Точно так же и догма непорочного зачатия, являясь несомненным «измышлением», в то же время «ценна тем, что подчеркивает обоженность человечества и реальность, а не только заданность его» [24, с. 126]. Совокупная ценность обоих католических догматов определяется тем, что в них как бы просвечивает (сквозь ложно-искаженные формы) сущность христианства как истина бытия. Эта последняя есть «идеал всеединства», определяющий собой все тварное бытие, несущее на себе «структурный» отпечаток Божественного триипостасного первообраза. В свете такого идеала «раскрывается истинный смысл общественной деятельности как актуализации всеединства в каждом моменте бытия, а само всеединство постигается в его всевременности и всепространственности, что не исключает, а предполагает полное напряжение эмпирической деятельности, в которой Запад выдвигает эмпирическое и Восток — абсолютность» [24, с. 126].
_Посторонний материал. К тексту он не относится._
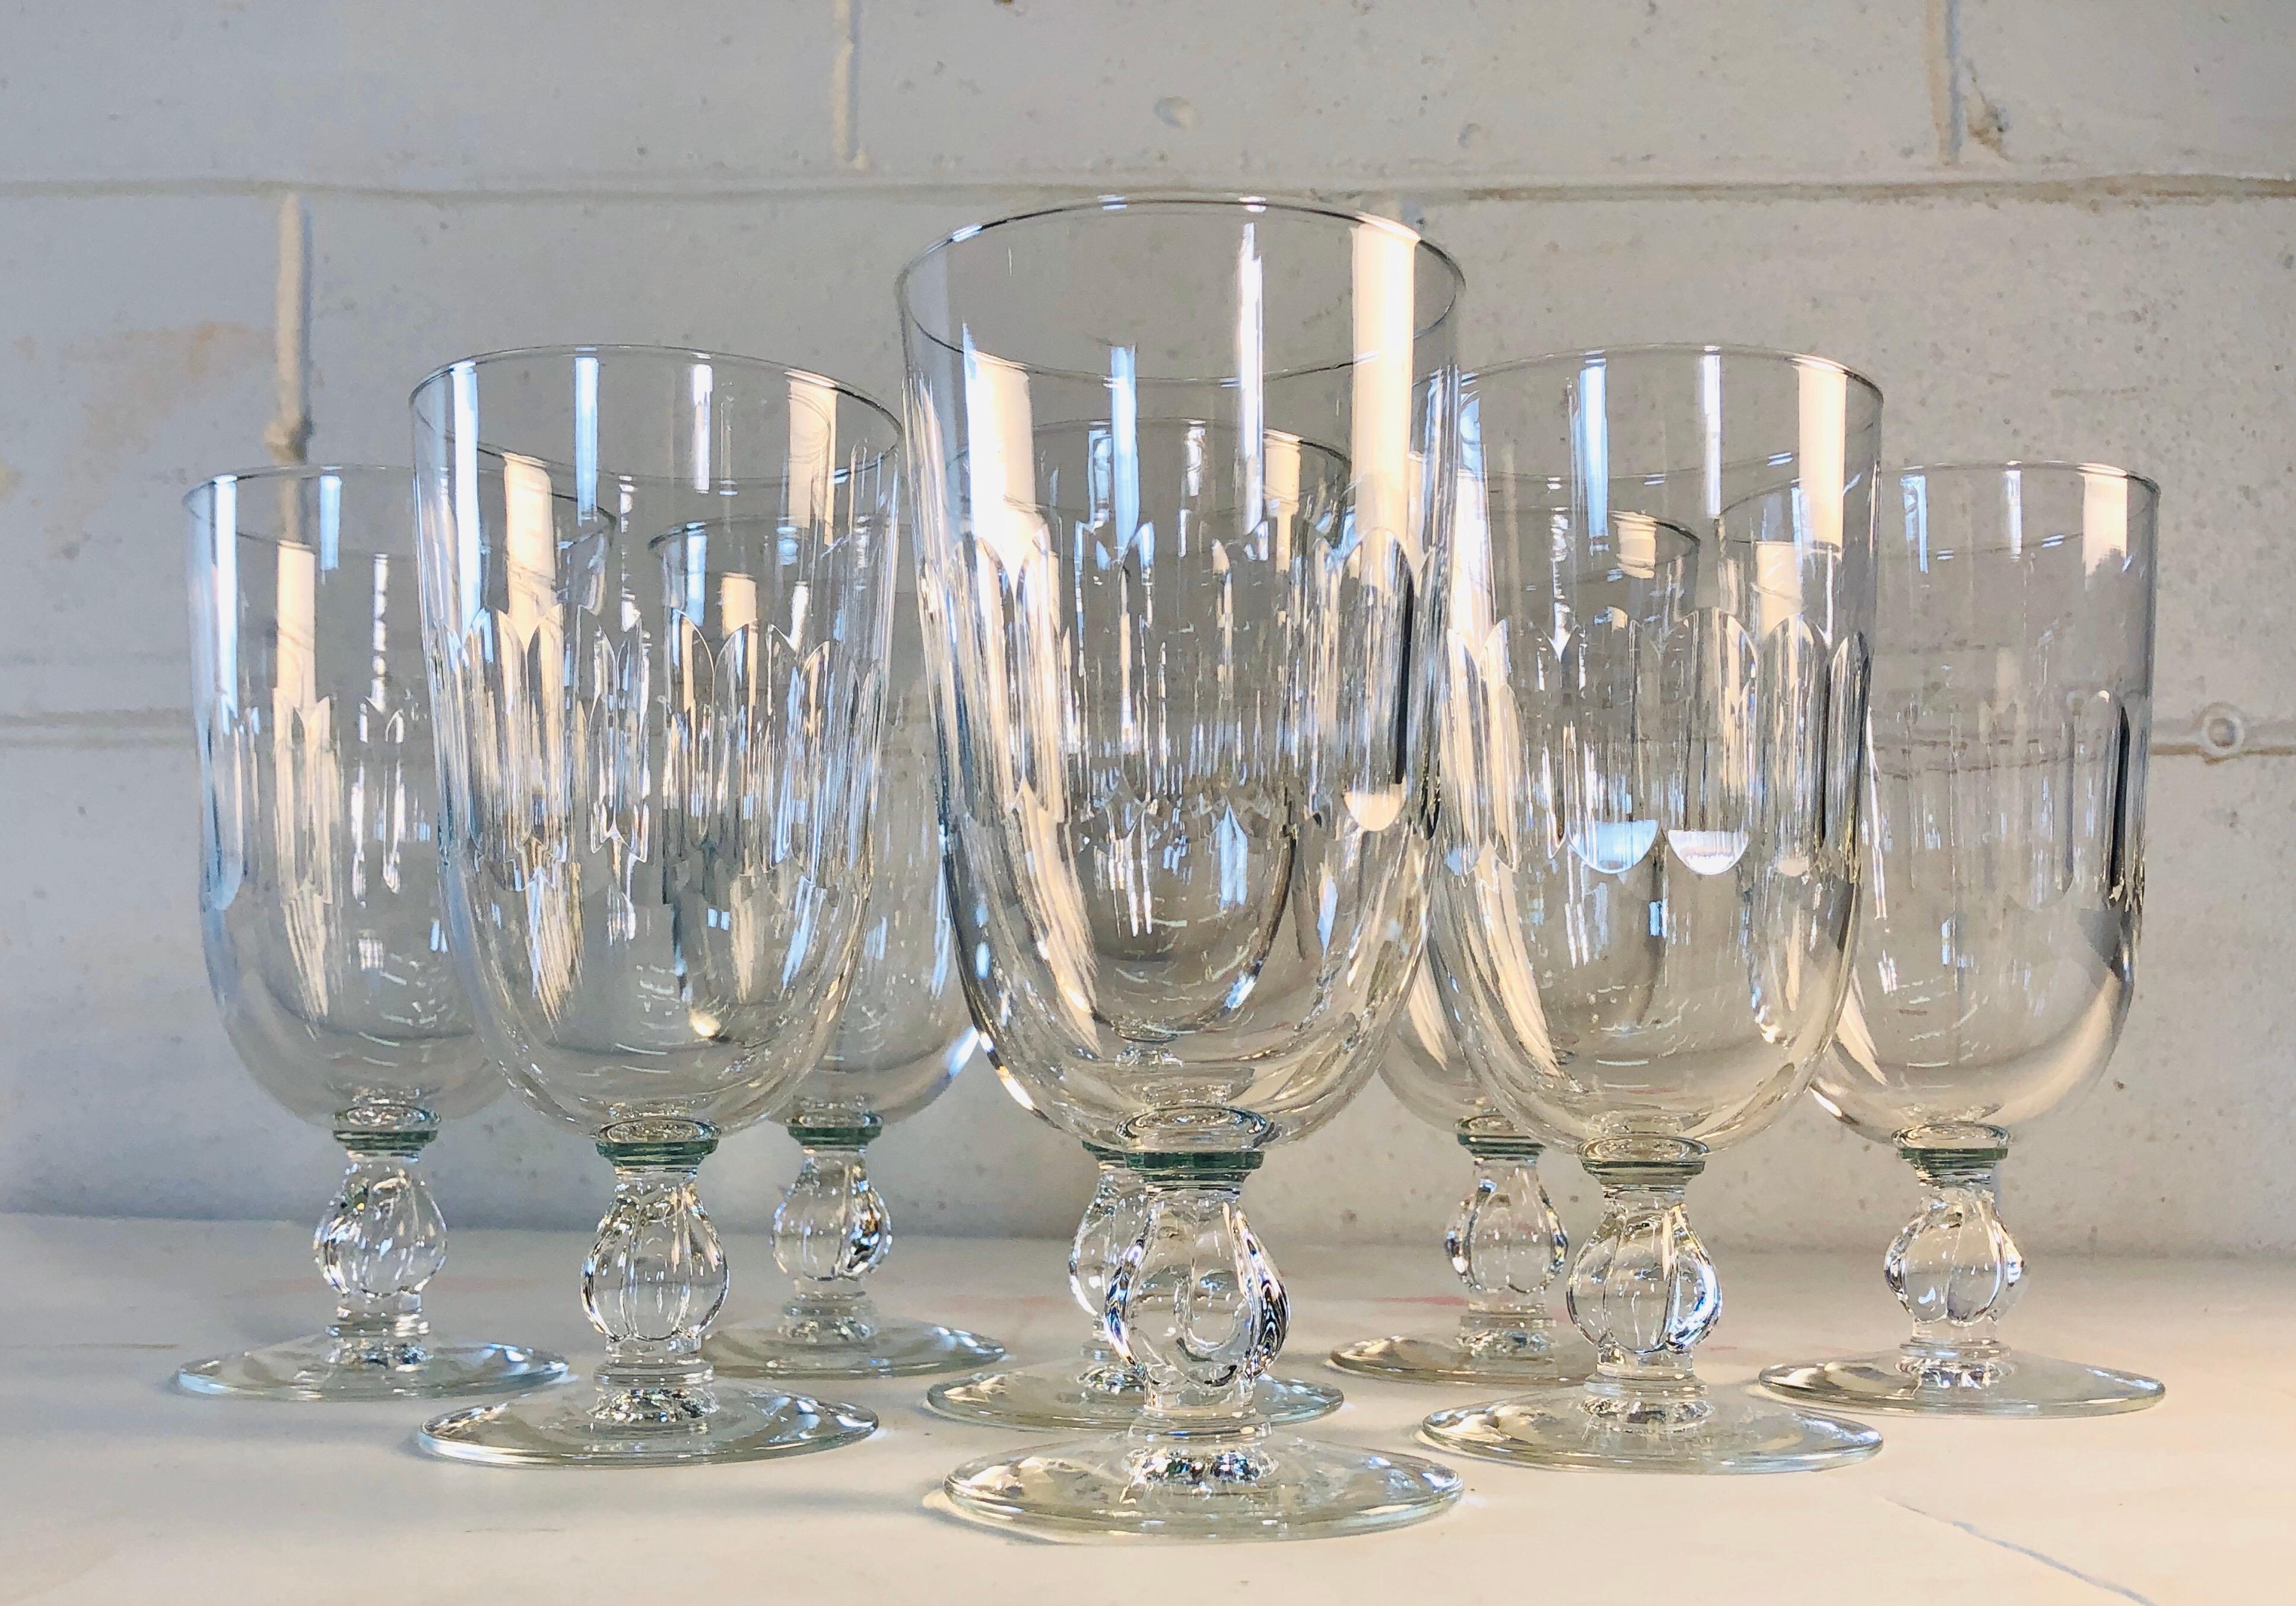 Vintage 1950s set of 8 mitred glass water stems. All handcut and polished. No marks. Excellent condition.

Только теперь мы можем определить, в чем «приблизительно» (как оговаривается сам Карсавин) состоит «русская идея». Она строится в логике «дополнительности», лежавшей в основании теократического проекта Соловьева. «Задача православной или русской культуры, — поясняет Карсавин, — и универсальна, и индивидуально-национальна. Эта культура должна раскрыть, актуализировать хранимые ею с VIII в. потенции, но раскрыть их путем принятия в себя актуализованного культурою западной (в этом смысл „европеизации“) и восполнения приемлемого своим. „Восполнение“ и есть национальное дело, без которого нет и дела вселенского. На богословском же языке приятие и восполнение западного православно-русским и будет воссоединением церквей» [24, с. 122].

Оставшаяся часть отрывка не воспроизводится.